Добавить в цитаты Настройки чтения

Страница 70 из 157

— Лет семнадцать будет.

— Да, время не ждет. Аня, рекомендую: наш общий знакомый, который знал еще твоего отца, — отрекомендовал меня Блескин и прибавил: — А это дочь Михаила Павлыча… Помните маленькую Аню?

— Да, да… и кот, кажется, назывался мыслящим реалистом?..

— О да, он самый… Это Михаил Павлыч его так называл. Послушайте, что же мы здесь будем делать, пойдемте хоть в рубку или к нам в каюту.

— Лучше в каюту, — заметила Аня.

Они ехали вдвоем в каюте второго класса. Пока Аня ходила распорядиться относительно самовара, Блескин с самодовольным лицом проговорил, кивая головой на затворенную дверь каюты:

— А как мы выросли-то… а?
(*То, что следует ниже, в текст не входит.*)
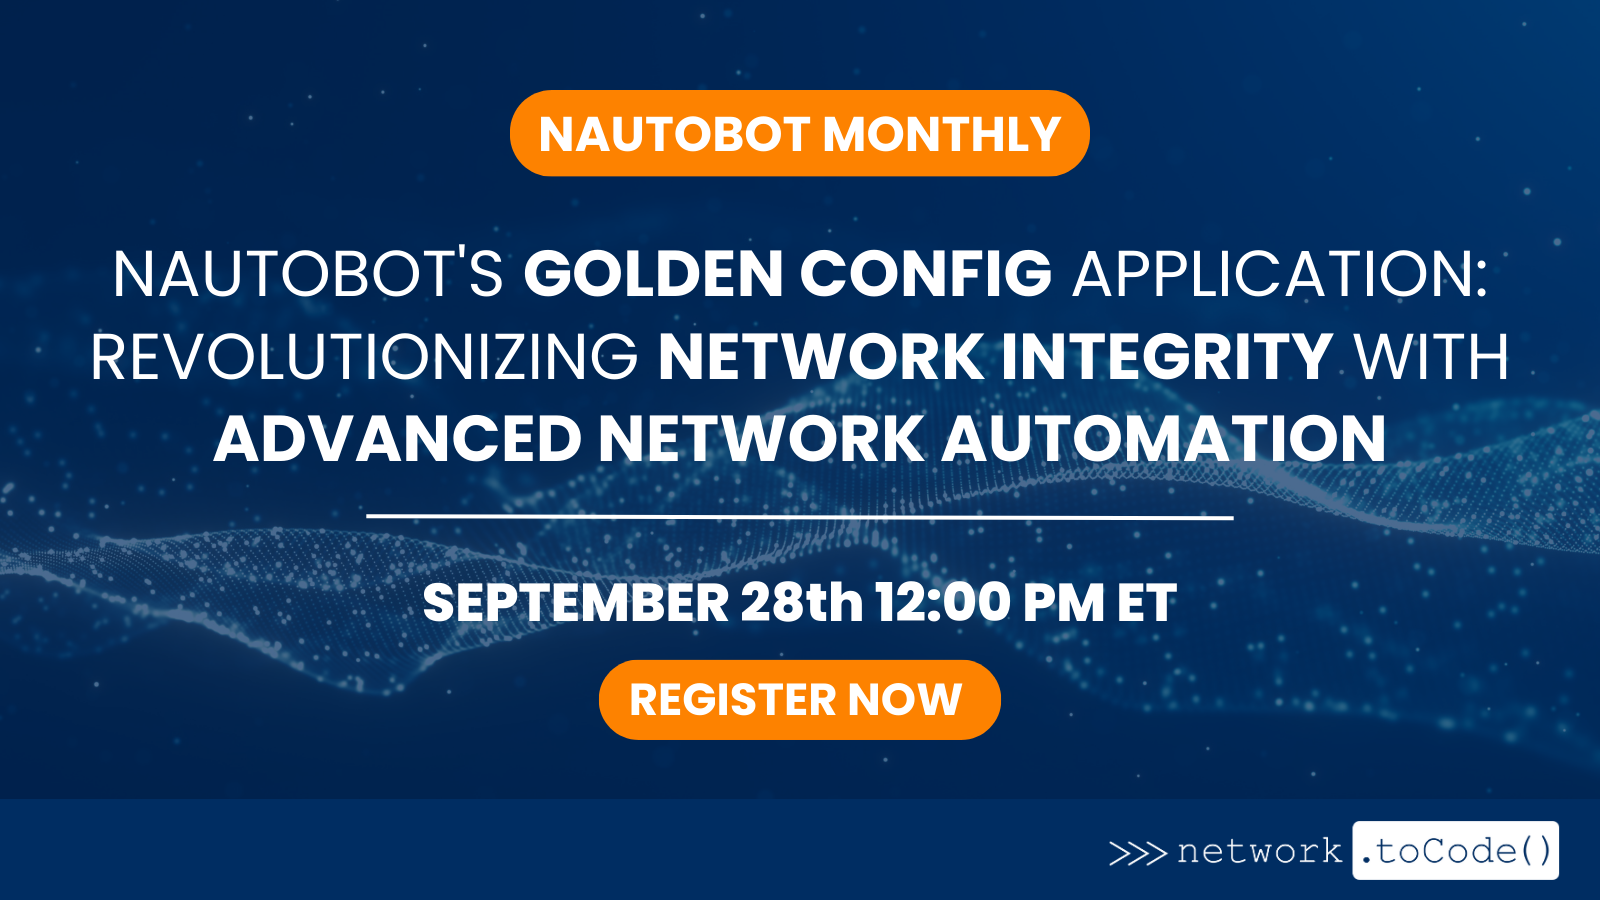 Nautobot Monthly | Nautobot’s Golden Config Application: Revolutionizing Network Integrity With Advanced Network Automation

Из личинки человек вырос… Теперь Аня на курсах в Казани. Мы ведь там живем… вдвоем…

— Извините, нескромный вопрос: о смерти Михаила Павлыча я слышал; а где Соломонида Потаповна?

— Гм… Она вскоре вышла замуж за нашего штегеря Епишку. Да… Рассказывают, что она отлично устроилась, по-своему, конечно. Сначала Епишка был сидельцем в кабаке, потом писарем, а теперь, кажется, служит или членом земской управы, или даже председателем. Не шучу…

Блескин печально улыбнулся и замолчал. Вернулась Аня и опять недоверчиво посмотрела на нас, впрочем, это могло показаться мне. Не могла же она меня ревновать к Блескину, хотя нечто подобное бывает при встрече друзей разных формаций: молодые друзья всегда немножко ревнуют старых.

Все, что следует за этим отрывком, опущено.